An exact copy of the listing is required, with its pictures removed.

* Input data *
_ _ _
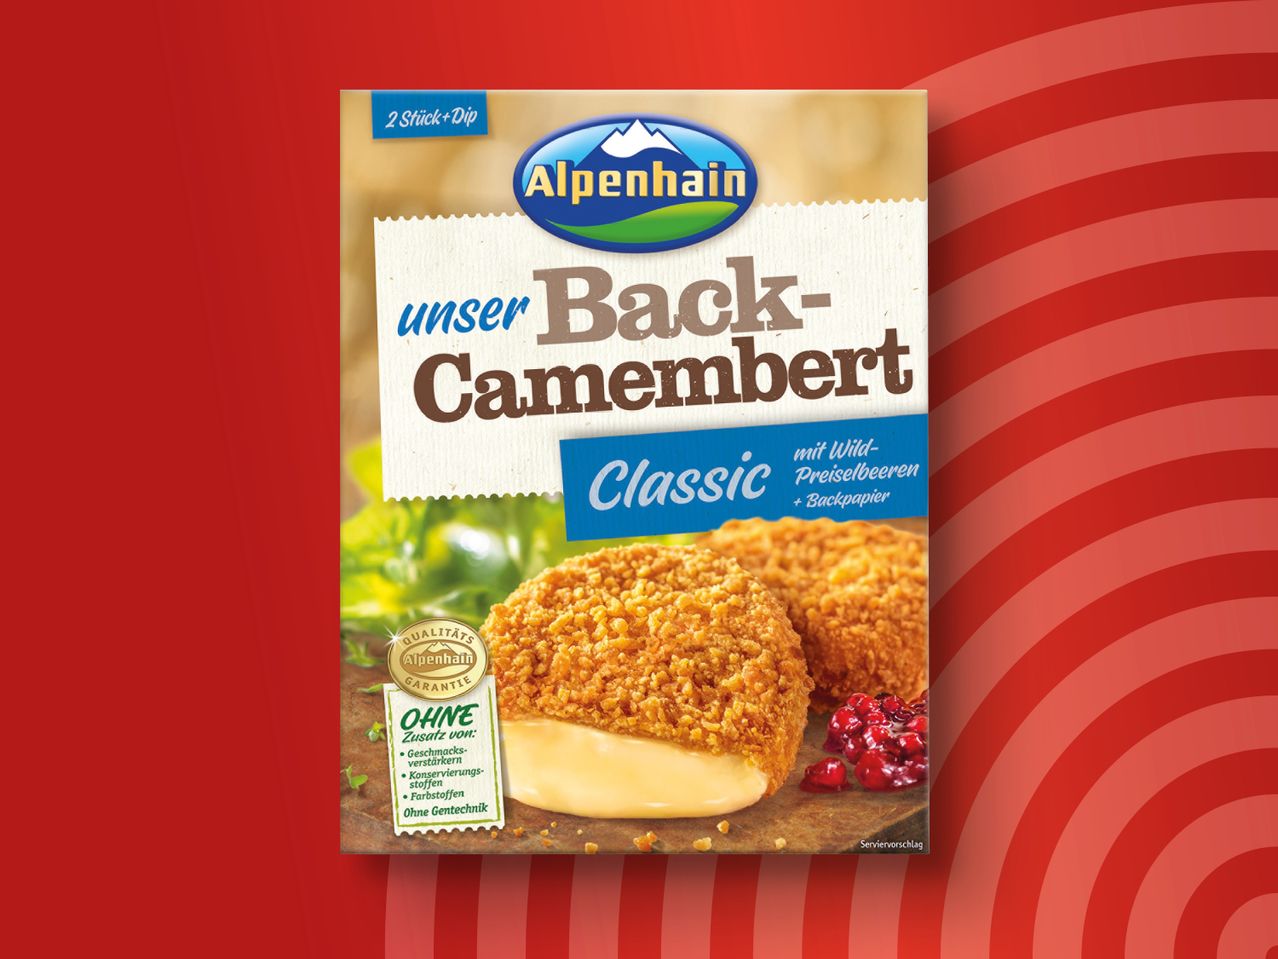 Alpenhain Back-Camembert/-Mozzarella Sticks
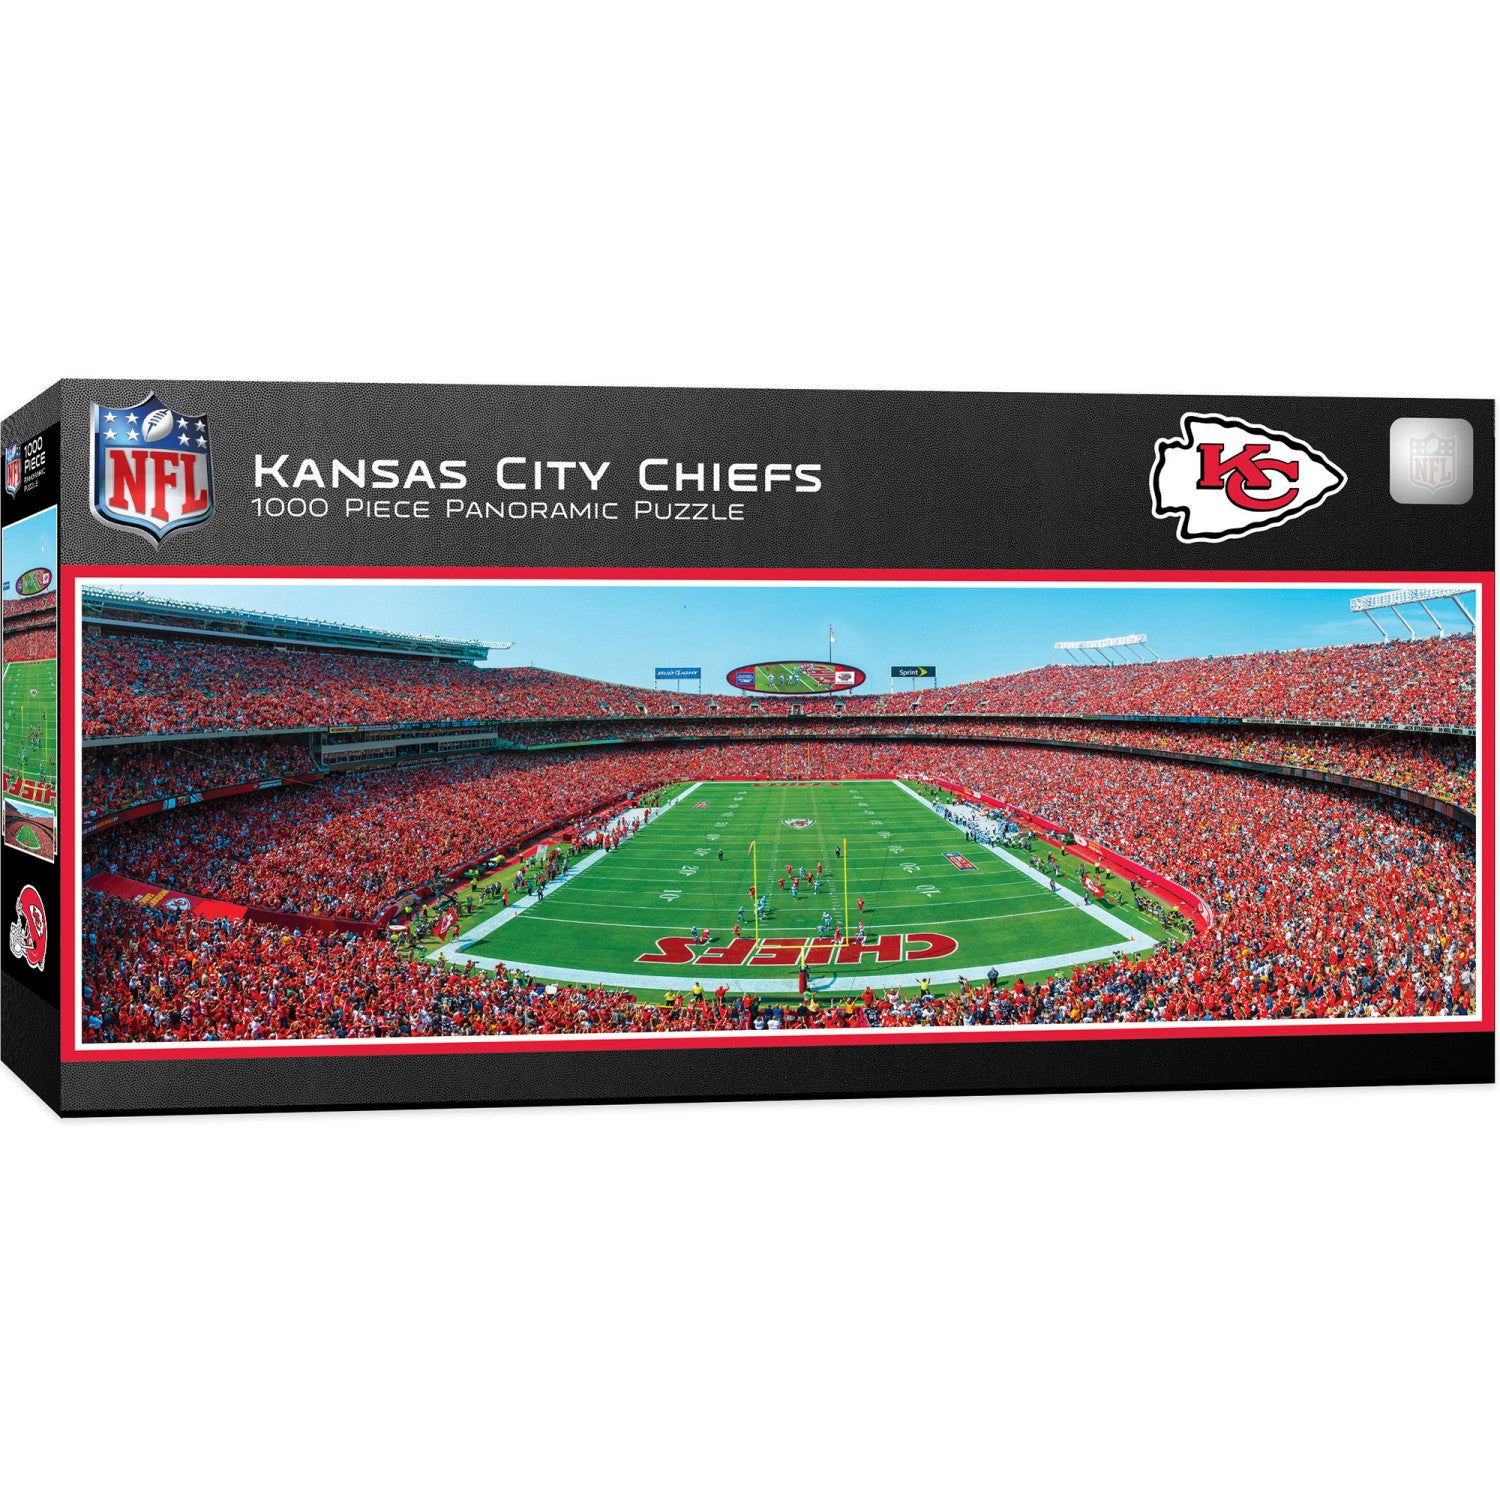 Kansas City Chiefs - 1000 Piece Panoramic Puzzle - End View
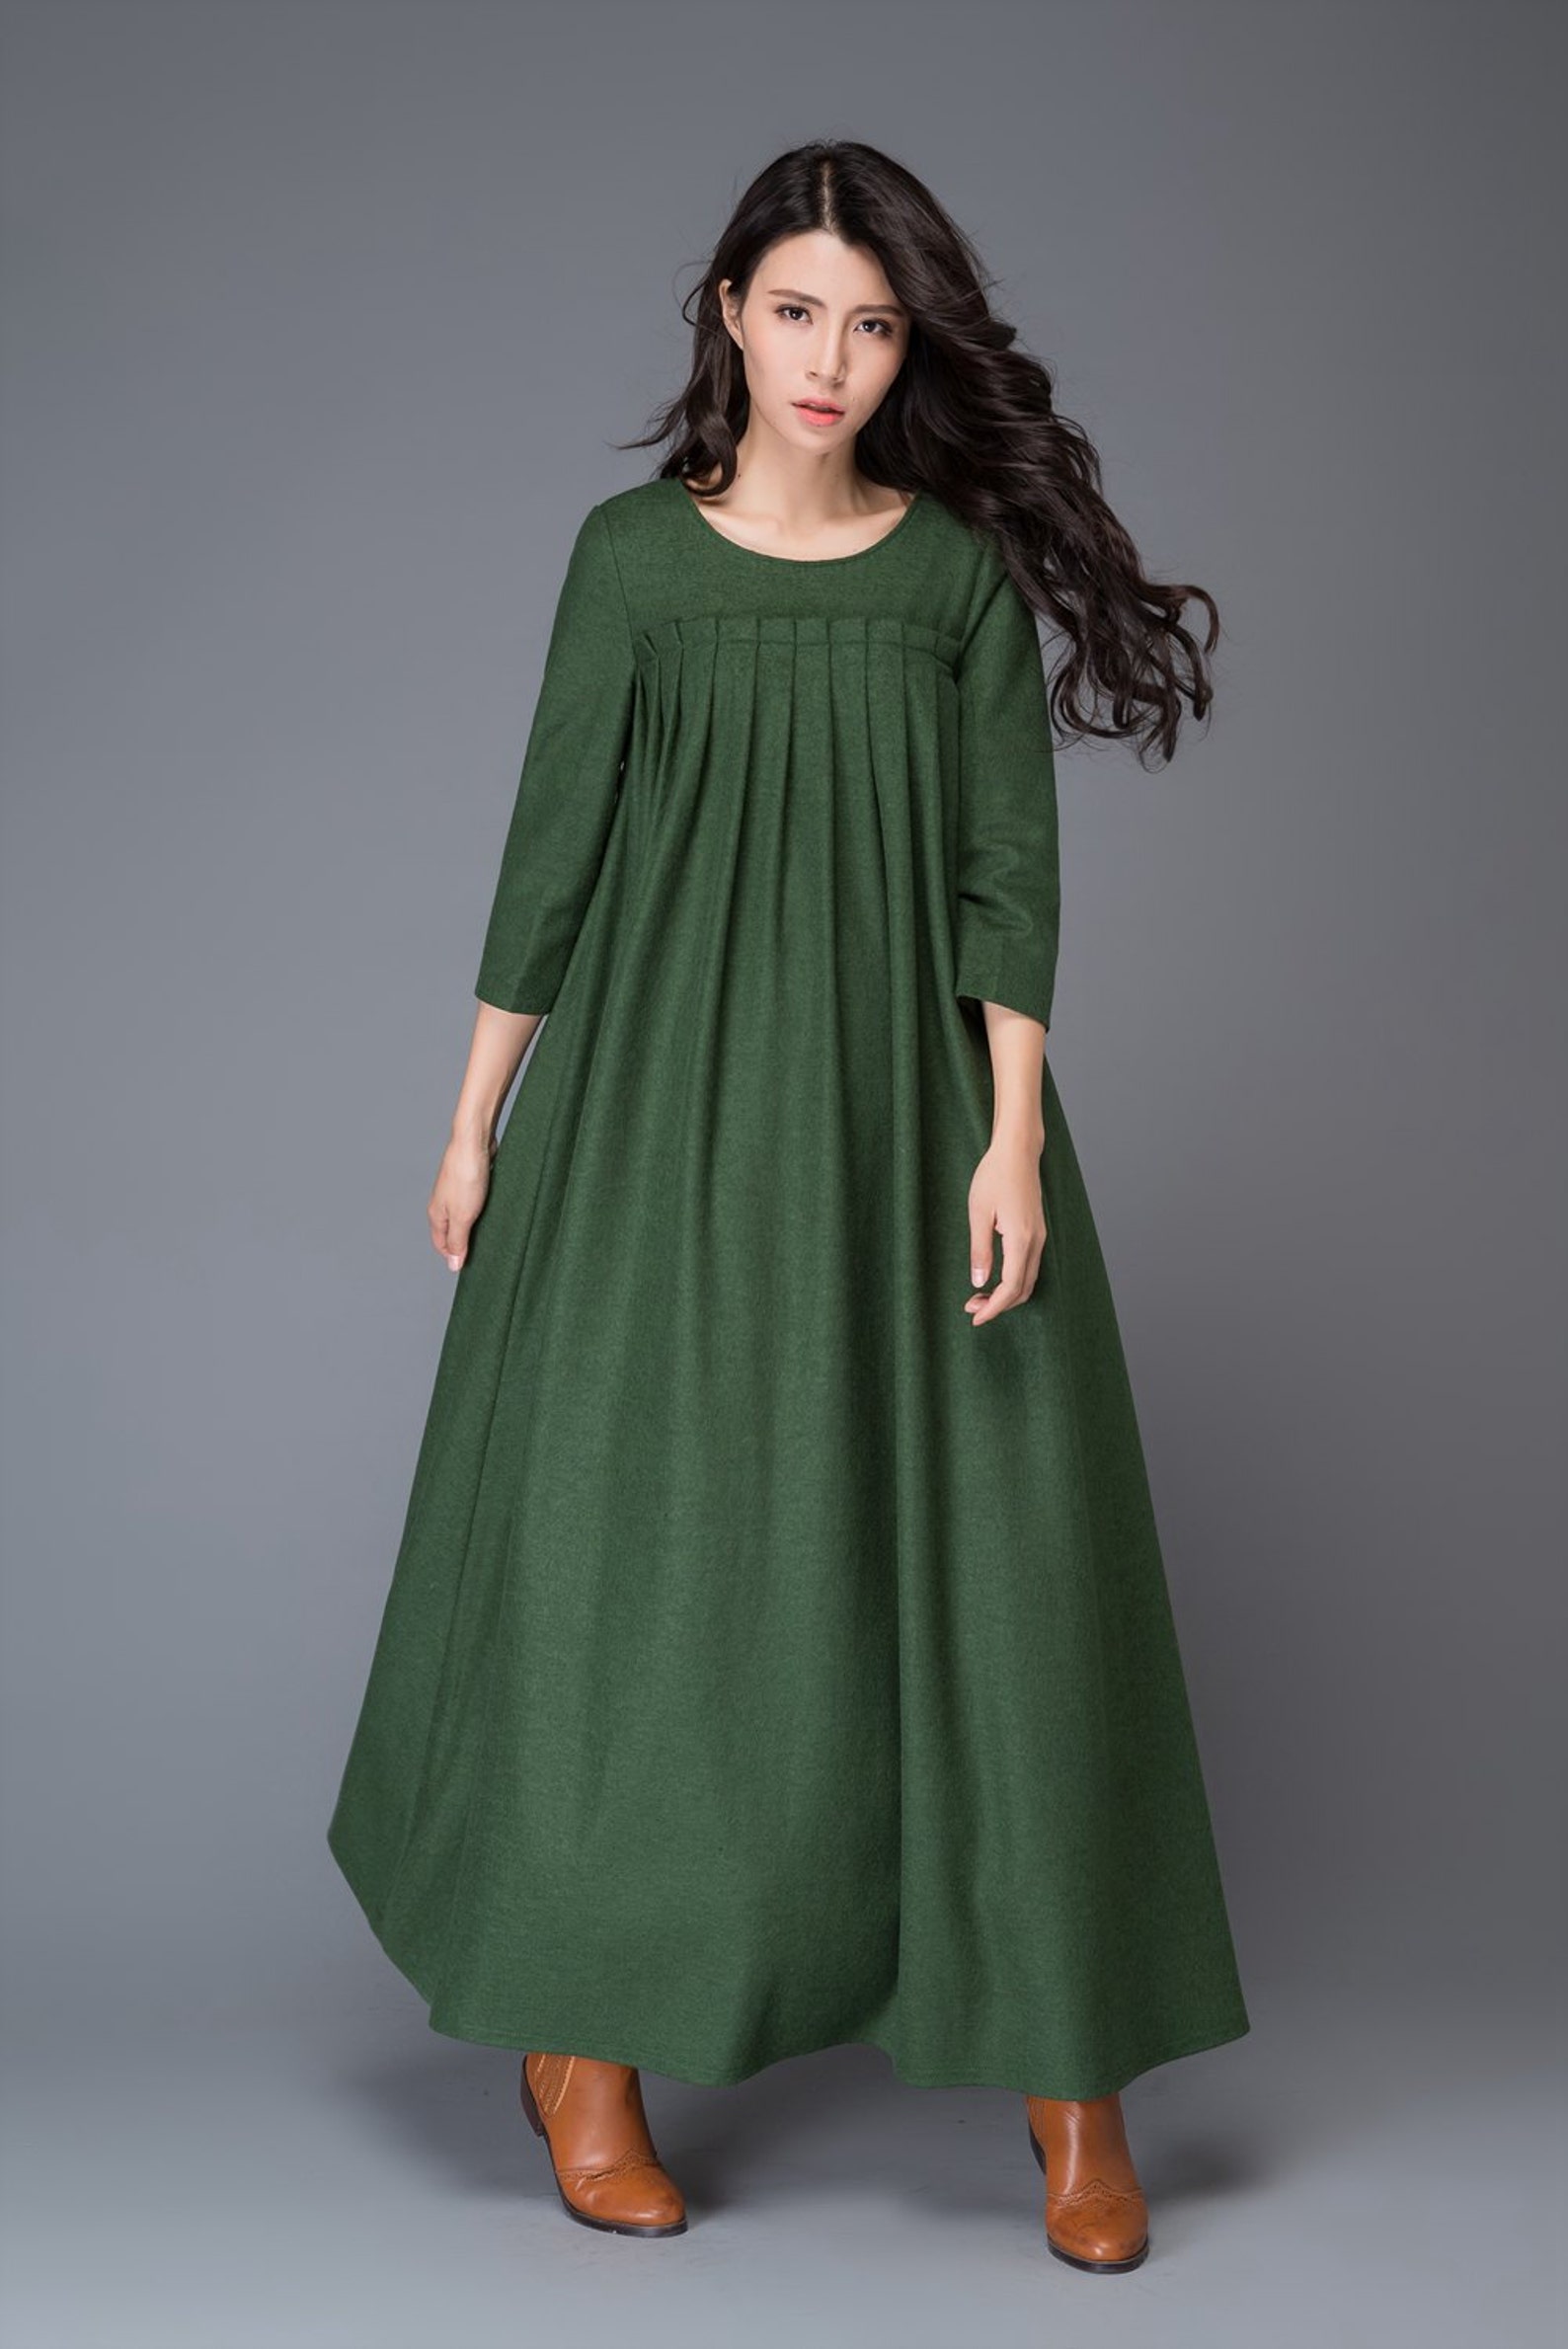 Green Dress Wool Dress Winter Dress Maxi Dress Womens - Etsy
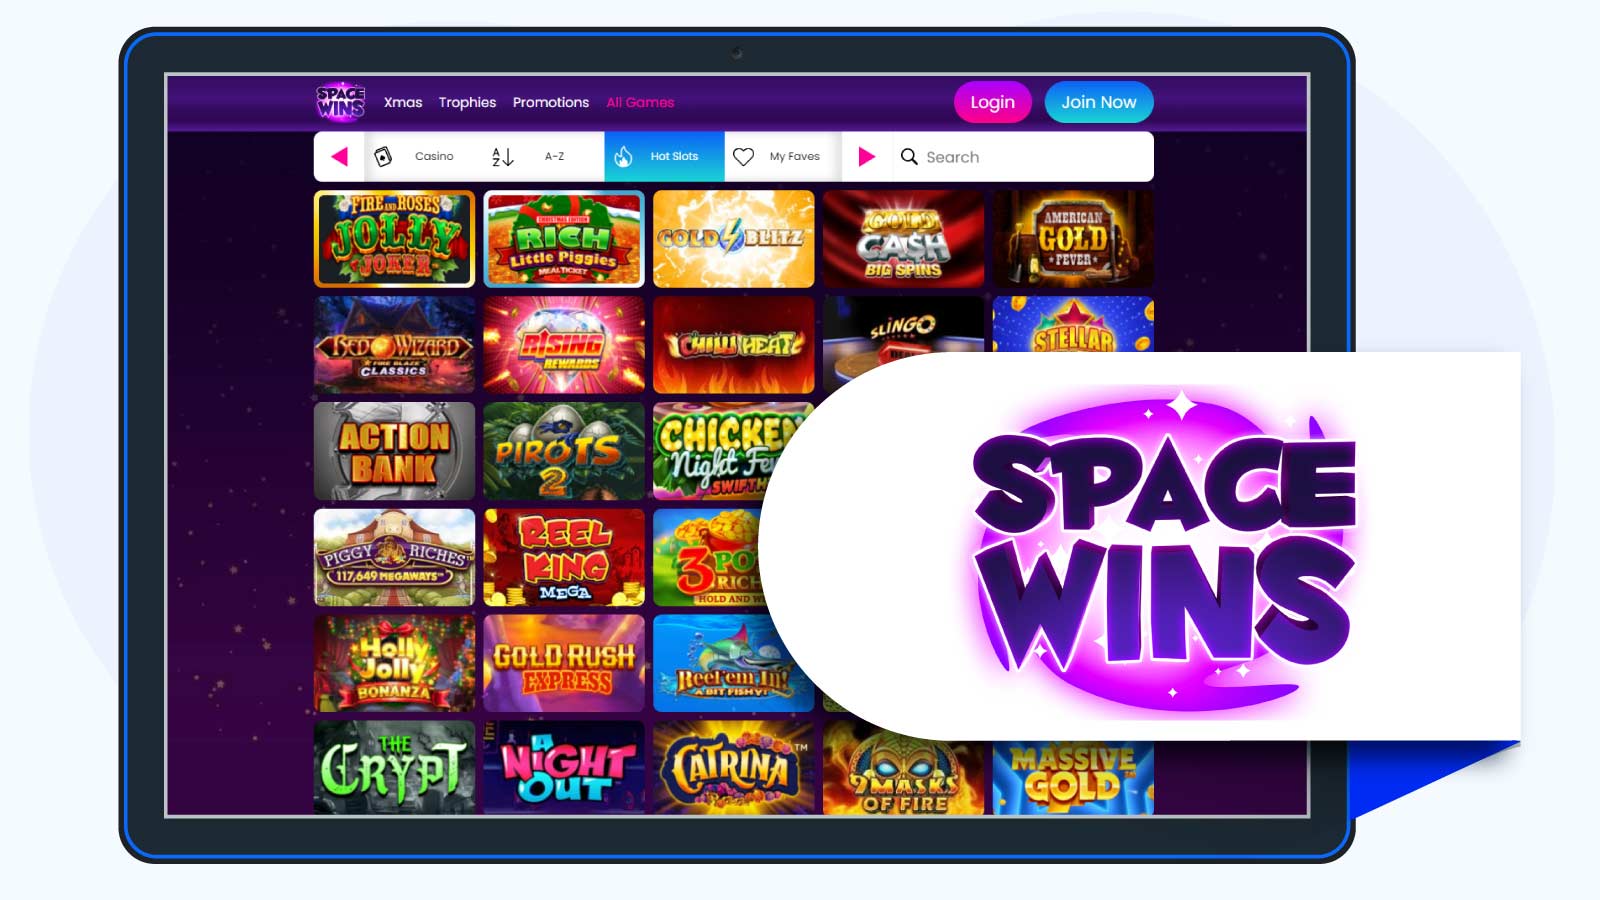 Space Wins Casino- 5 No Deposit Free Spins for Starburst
_ _ _
* Reply *
 Alpenhain Back-Camembert/-Mozzarella Sticks
 Kansas City Chiefs - 1000 Piece Panoramic Puzzle - End View
 Green Dress Wool Dress Winter Dress Maxi Dress Womens - Etsy
 Space Wins Casino- 5 No Deposit Free Spins for Starburst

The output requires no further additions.